Se la tempesta si intensifica? Che fine farò? Avrò fatto bene ad affidarmi? Non
era meglio, più sicuro, restare sulla barca per conto mio?
Pietro
è sopraffatto dal dubbio, e a quel punto le sue forze non bastano più, perché
rinuncia a far conto su quelle di Dio. Di nuovo l’acqua lo sommerge, perché per
vivere la fede con profondità non basta l’audacia di uno slancio e la forza di
volontà, ma bisogna saper pronunciare l’invocazione dell’umile: “Signore, salvami!” Pietro impara e fa
sua la preghiera di chi è senza forza e sa che Dio non è lontano da sé.
Gesù
lo solleva dai flutti col suo braccio e si rivolge a lui con un’espressione
piena di tenerezza: “Uomo di poca fede,
perché hai dubitato?” Questa frase è, sì, un rimprovero, ma insieme ad essa
Gesù riconosce anche come Pietro abbia avuto fede, anche se poca, e abbia
compiuto un passo importante, e gli porge la sua mano.
Cari
fratelli e care sorelle, anche noi condividiamo il realismo impotente dei
discepoli: davanti ai grandi bisogni della folla dei bisognosi del nostro aiuto
che possiamo fare? In mezzo ai flutti tempestosi della vita cosa mai possiamo
fare? Le situazioni sono bloccate, i problemi ci sovrastano e le soluzioni sono
impossibili. Non vale nemmeno la pena provare, preoccuparsene è inutile.
Eppure
Pietro lascia aperto nel suo cuore uno spiraglio perché la fiducia in Dio si
faccia strada in lui. Solo uno spiraglio, un “forse”, ancora non è una porta
spalancata, eppure questo basta per credere possibile l’impossibile che Gesù ci
indica e per cominciare a desiderare ciò che prima ci faceva paura, a muovere i
nostri primi passi sull’acqua in tempesta dove e come nemmeno immaginavamo
fosse possibile osare. Certo la nostra fede è fragile, lo spiraglio lasciato
aperto ancora tanto angusto, e allora anche noi, come Pietro, impariamo a
pronunciare la preghiera dell’umile “Signore,
salvami!” e a trovare in lui, e non in noi, la forza, l’intelligenza,
l’amore per sfamare le folle e superare indenni le acque tempestose della vita.
Preghiere
O Signore Gesù vieni incontro a noi nei momenti
difficili, perché rassicurati dalla tua presenza possiamo venirti incontro.

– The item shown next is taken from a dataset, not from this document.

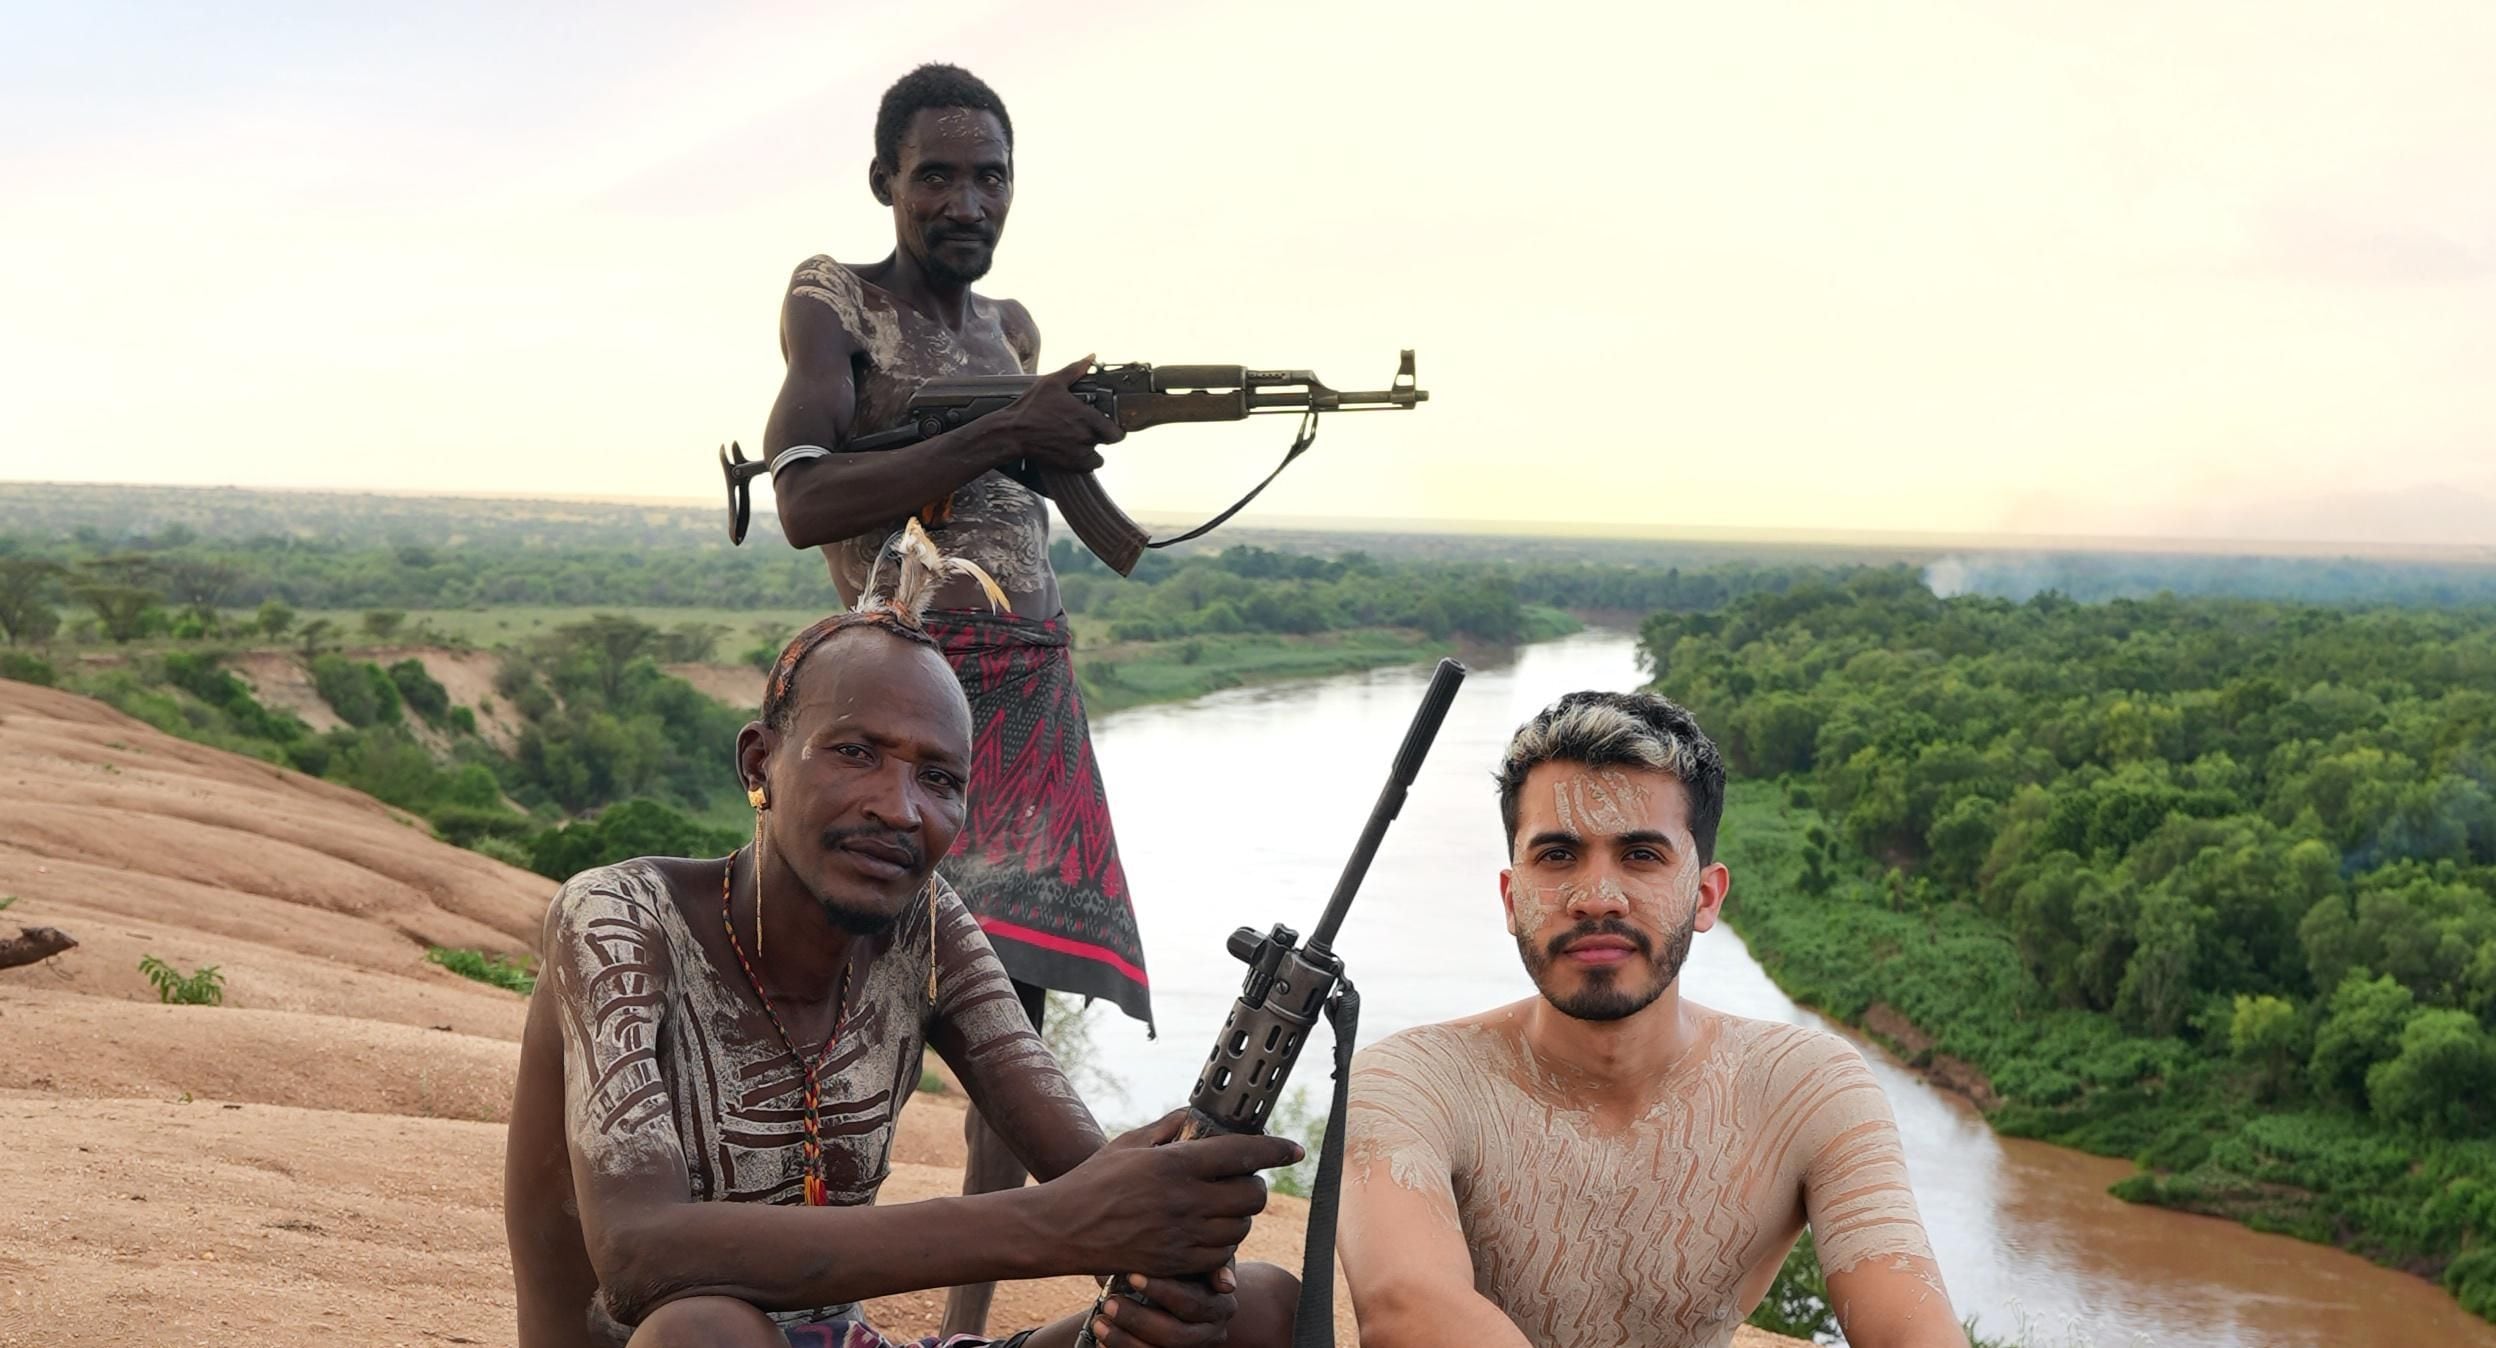 Araya Vlogs convivió con tribu en Etiopía en medio de hombres armados

Donaci la fede necessaria per vincere la paura e affidarti la nostra vita,
Noi ti preghiamo
O Dio, il mondo è sconvolto da innumerevoli tempeste e
le onde di violenza e miseria sembrano travolgere popoli interi. Vieni presto a
salvare chi oggi rischia di essere travolto dalla guerra e dalla povertà,
Noi ti preghiamo
Salva o Dio di misericordia i tanti che attraversano
il Mediterraneo ostile e chiuso per trovare nelle nostre coste un approdo
sicuro. Salva chi è in viaggio, proteggi la vita di chi è debole e fa che tutti
trovino scampo e salvezza dal pericolo,
Noi ti preghiamo
Fa’ o Signore Gesù che non ti lasciamo mai, perché da
soli siamo deboli e in balia delle onde incerte della vita. Aiutaci a restarti
sempre accanto a te e a riconoscerti pronto ad aiutarci.
Noi ti preghiamo
Ti supplichiamo o Padre di eterna bontà, manda il tuo Spirito a scaldare i cuori e a suscitare in ciascuno di noi sentimenti di misericordia e perdono. Fa’ che riconoscendo il nostro peccato diveniamo più indulgenti con quello dei nostri fratelli.
Noi ti preghiamo
In questo tempo estivo ti preghiamo o Signore per
tutti coloro che soffrono di più per le condizioni del tempo: per gli anziani,
i malati, i prigionieri. Dona loro sollievo e conforto, compagnia nelle prove
più difficili.
Noi ti preghiamo.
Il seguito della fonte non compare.